И зачастила, и зачастила - нарочно без передышки, чтобы никто не поспел и слова вставить, чтобы вот так эти трое и сидели, ошарашенные, пока она не высрамит их за правду до конца. Подопригора и впрямь был ошарашен, и стыд за публично ополоумевшую Полю,- это смирную Полю-то! - противный стыд сцепил его и не отпускал... А Поля, распаляясь, когтила и когтила. Конечно, в истошном рассказе ее барачная обстановка представлялась в десяток раз отвратнее и мрачнее, чем было на самом деле. Комендант - нюня, только и знает, что беспросыпно трынькает на гитаре. Над матрацами - не прокашлять метелью ходит гнилая труха. А печки...- Тут Поля чуть не задохнулась от них, от лютых...- Печки тоже были для позорища выложены на секретарский стол, как они есть, до потолка спеленатые вонючим паром, к вечеру нашурованные осатанело, докрасна, так что даже бревна стенные раскаляются - тут не только барак, а весь участок полыхнет в момент, как порох.

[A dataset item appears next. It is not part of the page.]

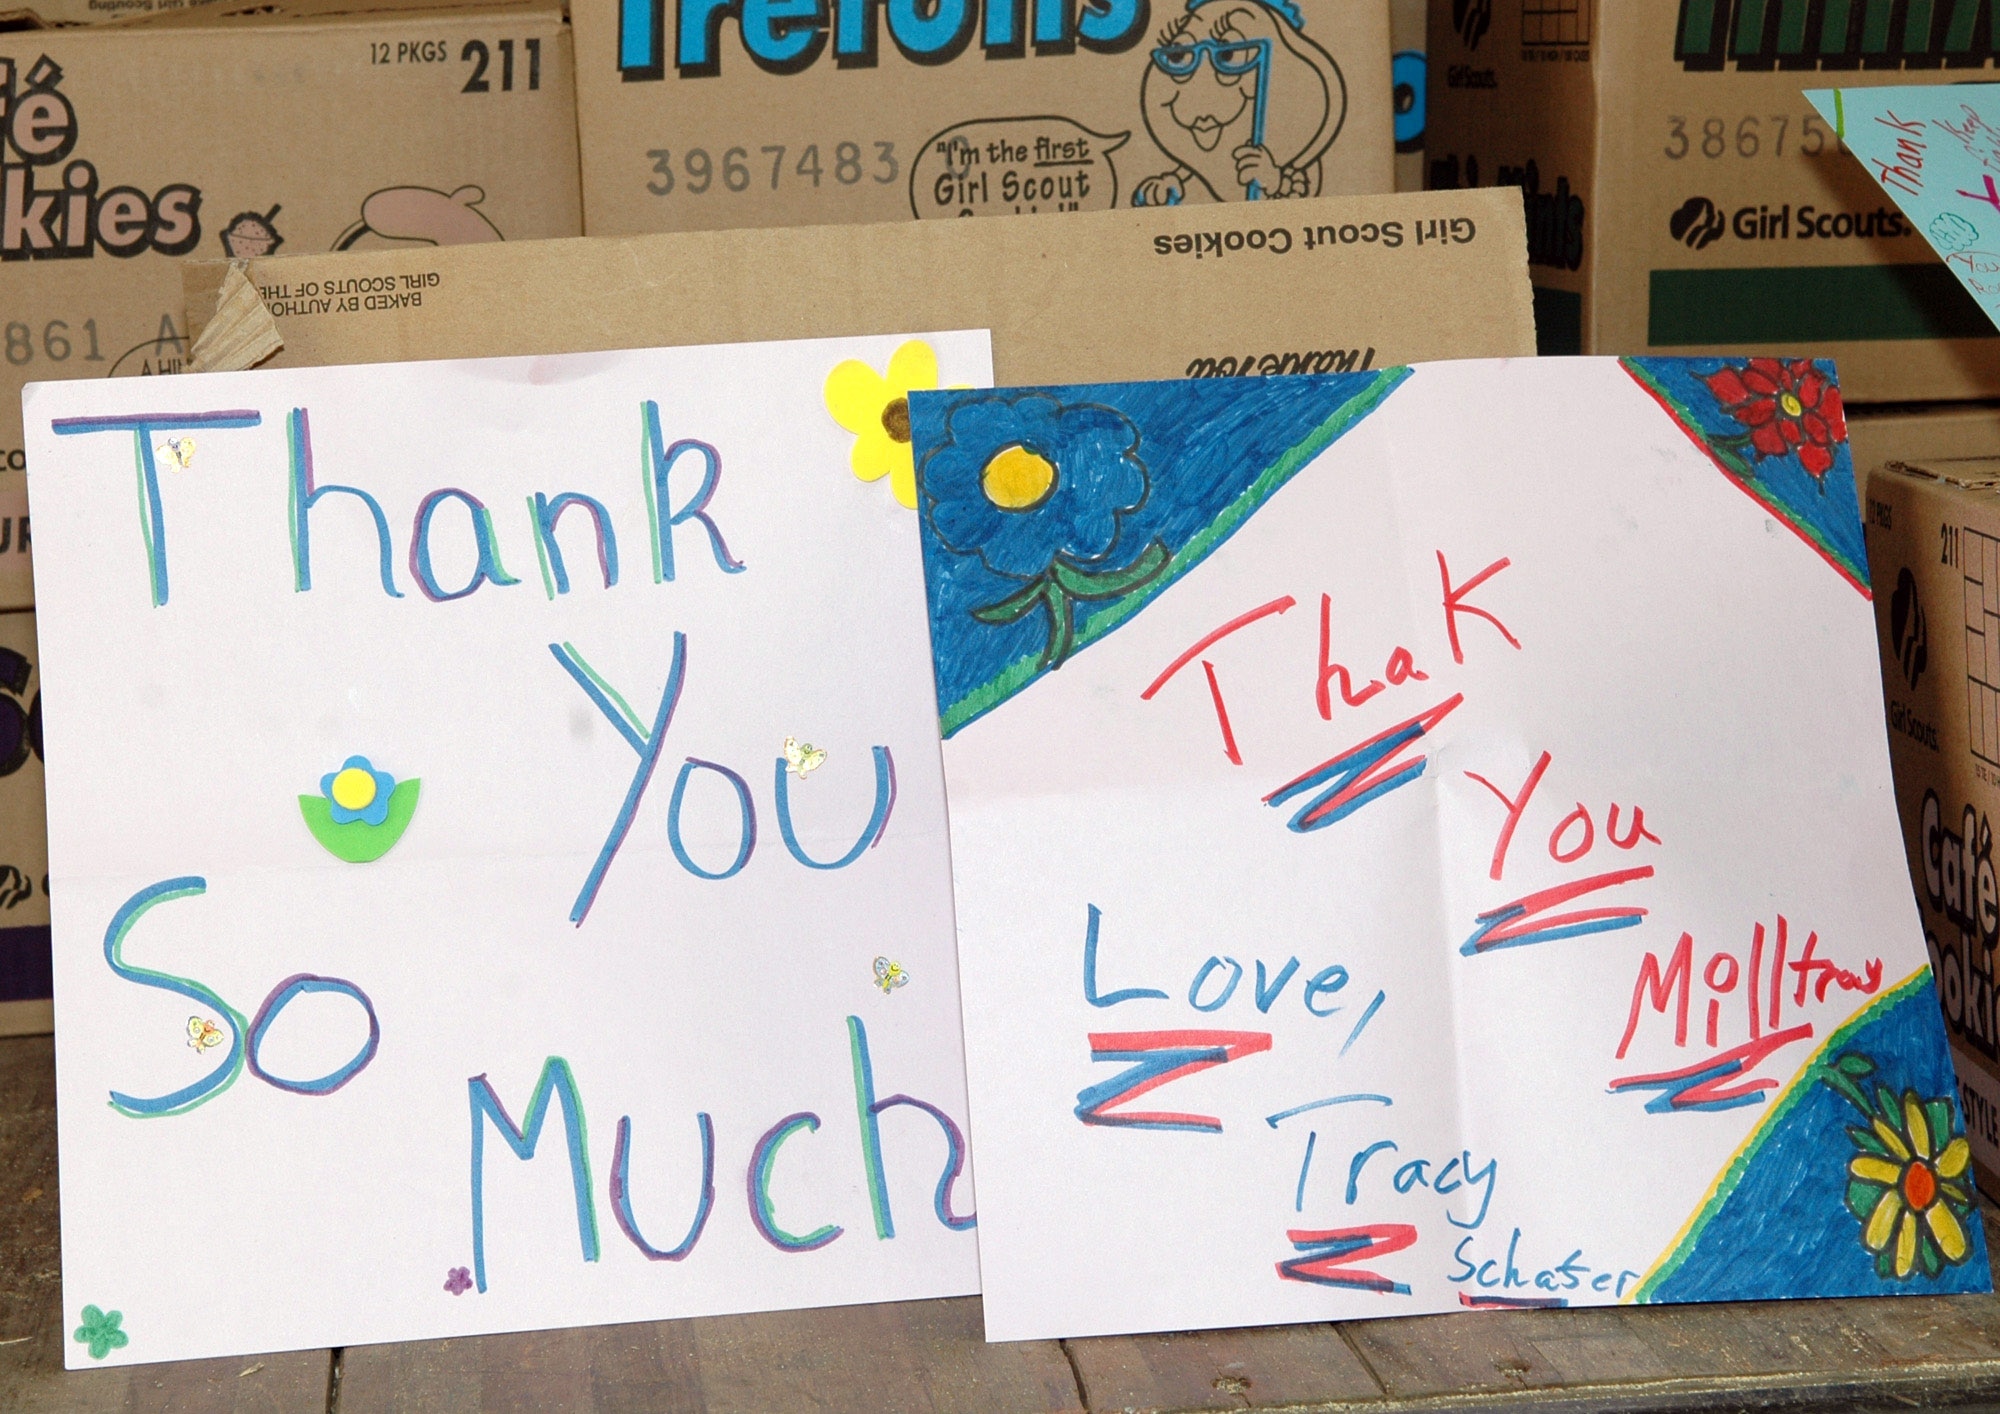 The Girl Scouts with the Inland Empire Council collected more than 9,600 boxes of cookies through Operation Troop to Troop and sent thank you letters April 23 from the Girl Scout Troop 333 near Spokane, Wash. The cookies, along with posters and letters, will be sent to deployed servicemembers to thank them for serving. (U.S. Air Force photo/Staff Sgt. Larry Carpenter)

- Вы вон лозунги про заразу развешали, чтобы ее бояться. А партийный ваш, вот этот, вчера на собрании про попов говорил, как они по девять-десять покойников для разговоров сразу хоронят! А вот погодите, как с теплом-то везде раскиснет, у вас их, покойников, не по десять, а в каждом бараке по двадцать будет, не вру! Какие же от этого лозунги получаются?
Секретарь, прихмурившись, обернулся к Подопригоре.
- Это на твоем участке?
- На моем. Верно, грязновато там...
- "Грязно-ва-а-то"! - фыркнула бессердечная Поля.
- Так - короче... чего же ты требуешь? - спросил секретарь.
Кажется, разговор этот в присутствии третьего, незнакомого Поле человека несколько угнетал его... Кожа у секретаря под глазами усталая, в белых крапинках. Черная, поседевшая от долгой носки рубашка... За хлипкой дверью по-вокзальному, внабой теснились люди, каждый со своим интересом,сколько сот их пройдет здесь за день! Поля готова была пожалеть секретаря. "Ну, уж нет, нет, не отступлюсь!" И этот третий, незнакомый, так ясно, ободряюще глядел на нее.
И Поля начала перечислять, что ей надо. Занесясь, она уже подымала голос за весь участок - упомянула и про прачечную, и про баню, и про медпункт, и про ЗРК... А в бараках сейчас же начать всеобщую скоблежку и чистку, сейчас же для того дать кипятильники, "Титаны" эти, а печки все к чертовой матери!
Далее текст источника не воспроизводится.